Final answer:
To calculate the probability of at least 3 lost-time accidents occurring over a period of 10 days, we can use the Poisson distribution. Additionally, we can use the Poisson distribution to find the probability of at most two accidents occurring in any given week. We can also use the geometric distribution to find the probability of there being at least two weeks between any two accidents.
Step-by-step explanation:
To calculate the probability that the number of lost-time accidents occurring over a period of 10 days will be at least 3, we can use the Poisson distribution. The Poisson distribution is often used to model the number of events that occur within a specified period of time. In this case, we know that the mean rate of lost-time accidents is 0.5 per day. The formula for the Poisson distribution is P(x;λ) = (e^(-λ) * λ^x) / x!, where x is the number of events, λ is the mean rate, e is Euler's number (approximately 2.71828), and x! is the factorial of x.

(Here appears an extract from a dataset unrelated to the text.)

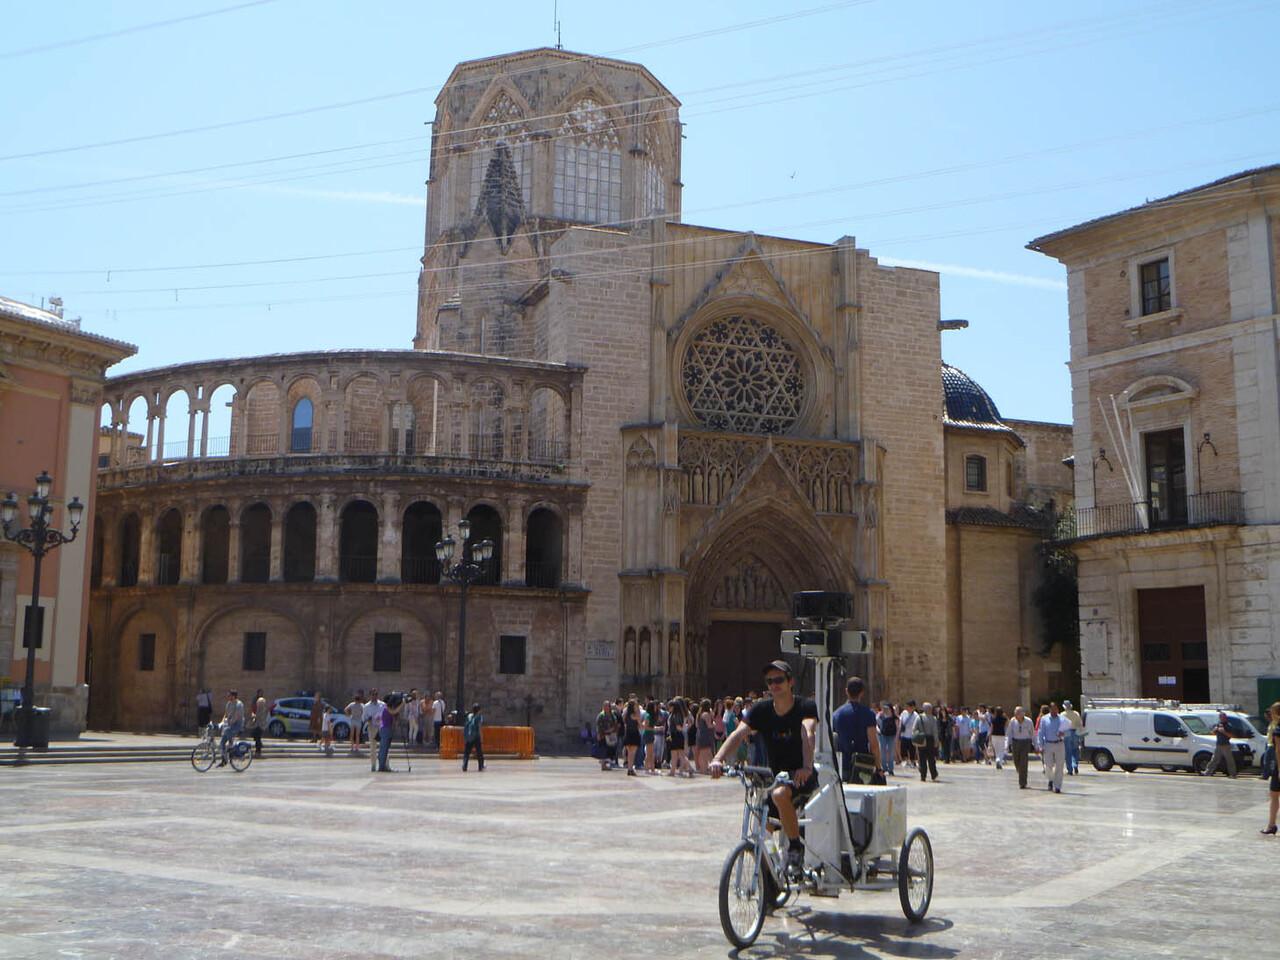 El ciclista que tomó las imágenes en la plaza de la Virgen/tvlc
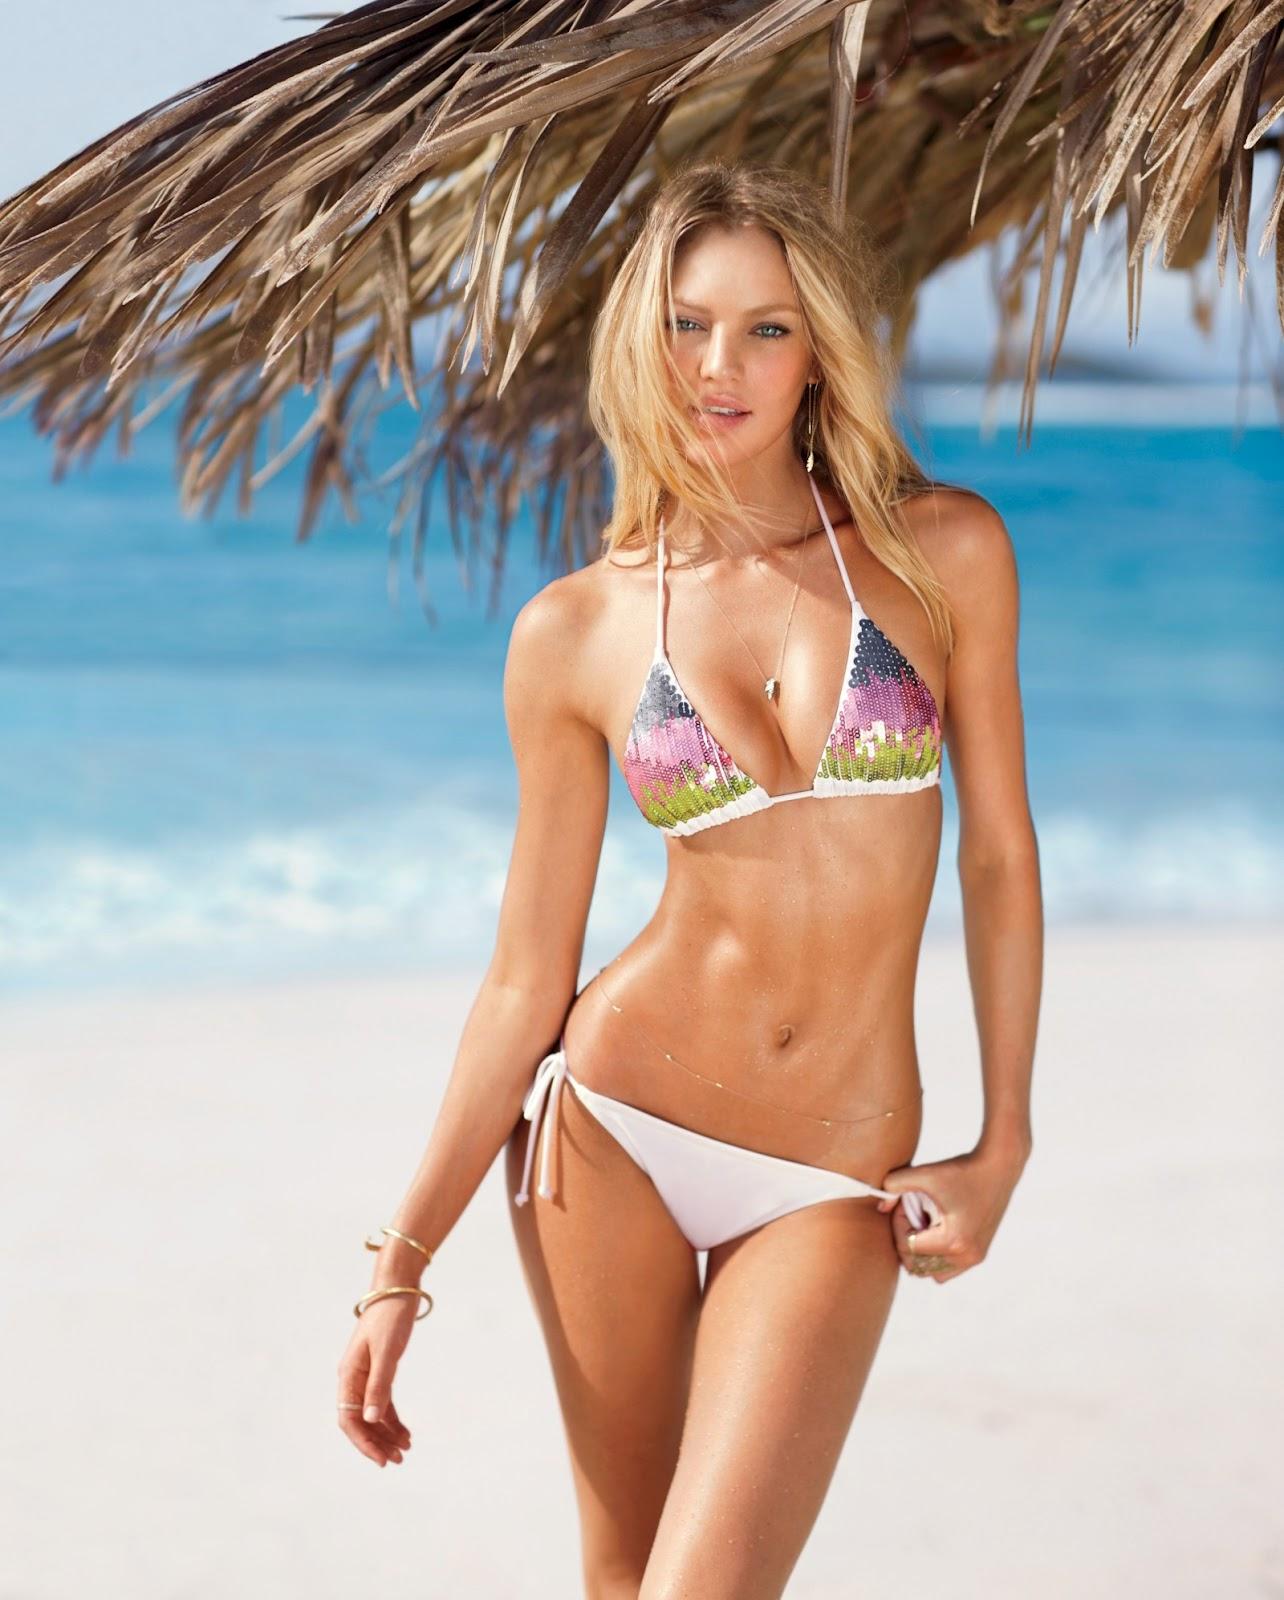 http://2.bp.blogspot.com/-RGNNqySujvE/T-tHppjZ7TI/AAAAAAAAGow/oacpFoFwJhU/s1600/candice_swanepoel_hot-bikini-wallpaper-naked+(5).jpg

- To find the probability of at most two accidents occurring in any given week, we can sum the probabilities of 0, 1, and 2 accidents. Using the Poisson distribution formula, we can calculate P(0;3), P(1;3), and P(2;3) and add them together.
- To find the probability of there being at least two weeks between any two accidents, we can use the geometric distribution. The geometric distribution models the number of trials needed to achieve the first success. In this case, a success is defined as an accident occurring. The formula for the geometric distribution is P(X=k) = (1-p)^(k-1) * p, where X is a geometric random variable, k is the number of trials, and p is the probability of success.